Thu Jun 16 05:32:21 UTC 2016

On 06/16/2016 10:49 AM, B.K.Raghuram wrote:
> 
> 
> On Wed, Jun 15, 2016 at 5:01 PM, Atin Mukherjee <amukherj at redhat.com
> <mailto:amukherj at redhat.com>> wrote:
> 
> 
> 
>     On 06/15/2016 04:24 PM, B.K.Raghuram wrote:
>     > Hi,
>     >
>     > We're using gluster 3.6.1 and we periodically find that gluster commands
>     > fail saying the it could not get the lock on one of the brick machines.
>     > The logs on that machine then say something like :
>     >
>     > [2016-06-15 08:17:03.076119] E
>     > [glusterd-op-sm.c:3058:glusterd_op_ac_lock] 0-management: Unable to
>     > acquire lock for vol2
> 
>     This is a possible case if concurrent volume operations are run. Do you
>     have any script which checks for volume status on an interval from all
>     the nodes, if so then this is an expected behavior.
> 
> 
> Yes, I do have a couple of scripts that check on volume and quota
> status.. Given this, I do get a "Another transaction is in progress.."
> message which is ok. The problem is that sometimes I get the volume lock
> held message which never goes away. This sometimes results in glusterd
> consuming a lot of memory and CPU and the problem can only be fixed with
> a reboot. The log files are huge so I'm not sure if its ok to attach
> them to an email.

Ok, so this is known. We have fixed lots of stale lock issues in 3.7
branch and some of them if not all were also backported to 3.6 branch.
The issue is you are using 3.6.1 which is quite old. If you can upgrade
to latest versions of 3.7 or at worst of 3.6 I am confident that this
will go away.

~Atin
> 
>     >
>     > After sometime, glusterd then seems to give up and die..
> 
>     Do you mean glusterd shuts down or segfaults, if so I am more interested
>     in analyzing this part. Could you provide us the glusterd log,
>     cmd_history log file along with core (in case of SEGV) from all the
>     nodes for the further analysis?
> 
> 
> There is no segfault. glusterd just shuts down.
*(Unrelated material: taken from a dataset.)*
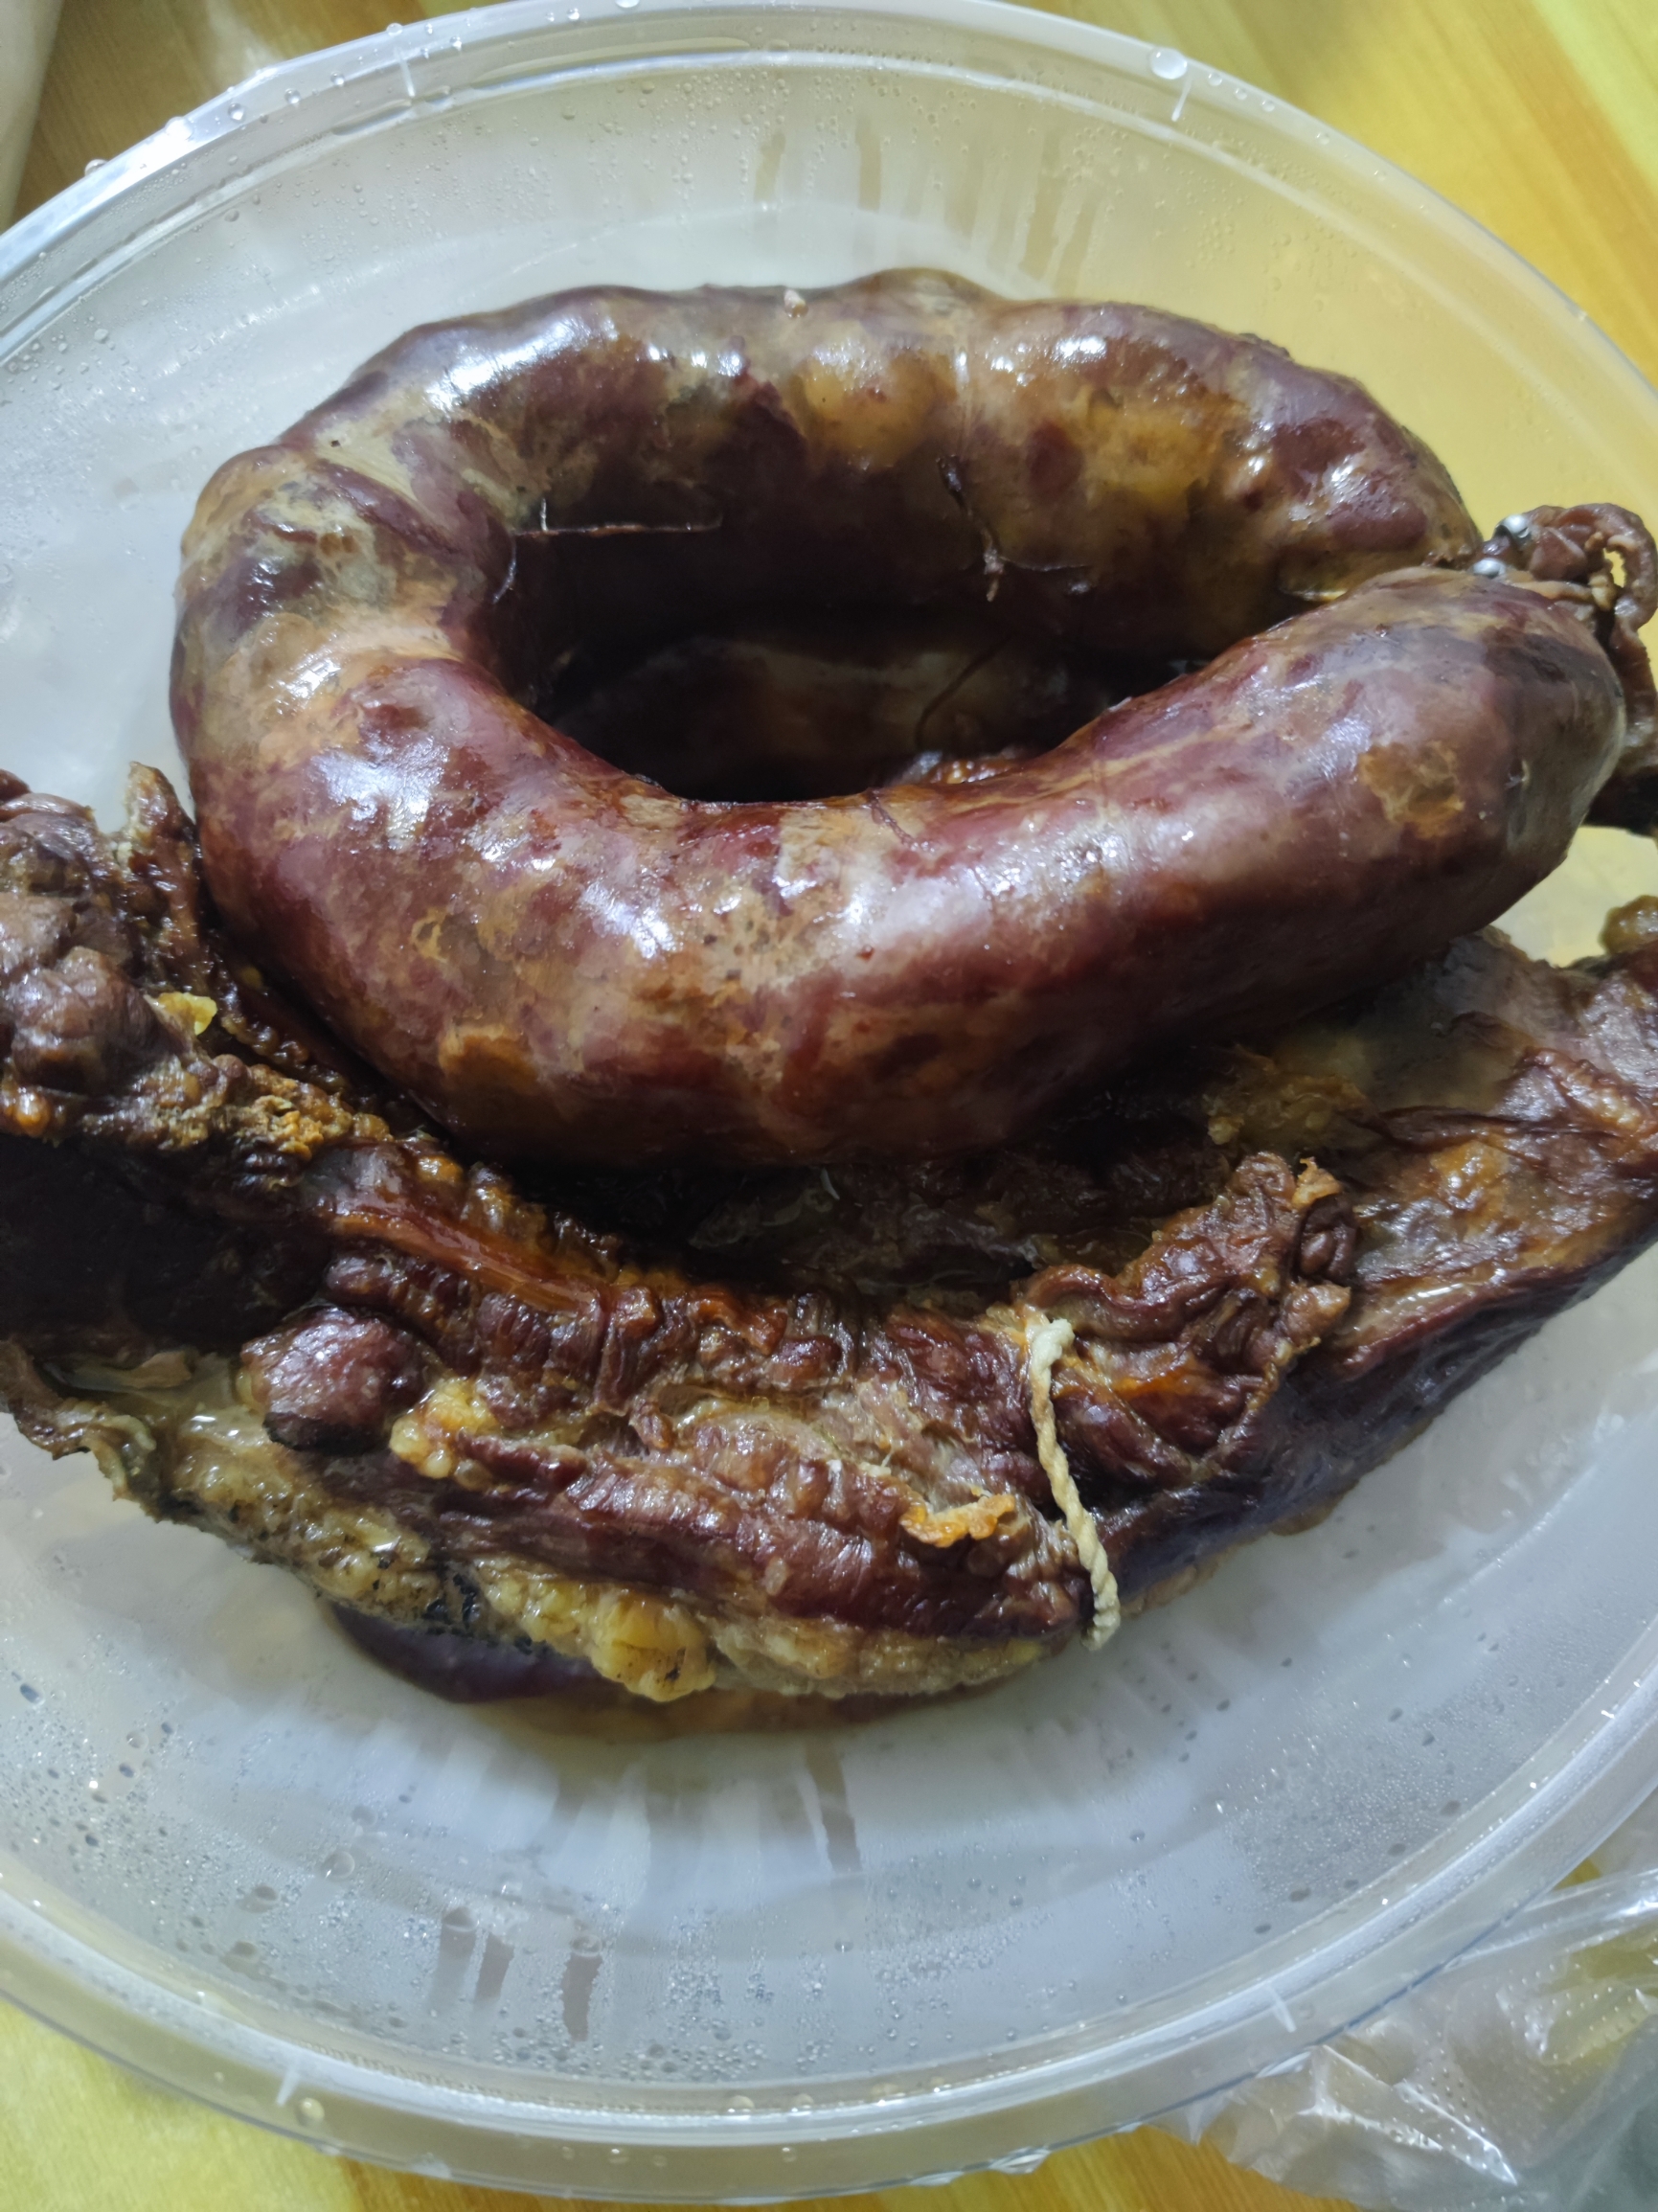 吉木萨尔哈萨克自家养的熏马肉熏马肠，味道好，价格实惠，主要是吃的放心，没吃过熏马肉的小伙伴一定要试一

As I said above,
> sometimes this happens and sometimes it just continues to hog a lot of
> memory and CPU..
> 
> 
>     >
>     > Interestingly, I also find the following line in the beginning of
>     > etc-glusterfs-glusterd.vol.log and I dont know if this has any
>     > significance to the issue :
>     >
>     > [2016-06-14 06:48:57.282290] I
>     > [glusterd-store.c:2063:glusterd_restore_op_version] 0-management:
>     > Detected new install. Setting op-version to maximum : 30600
>     >
> 
> 
> What does this line signify?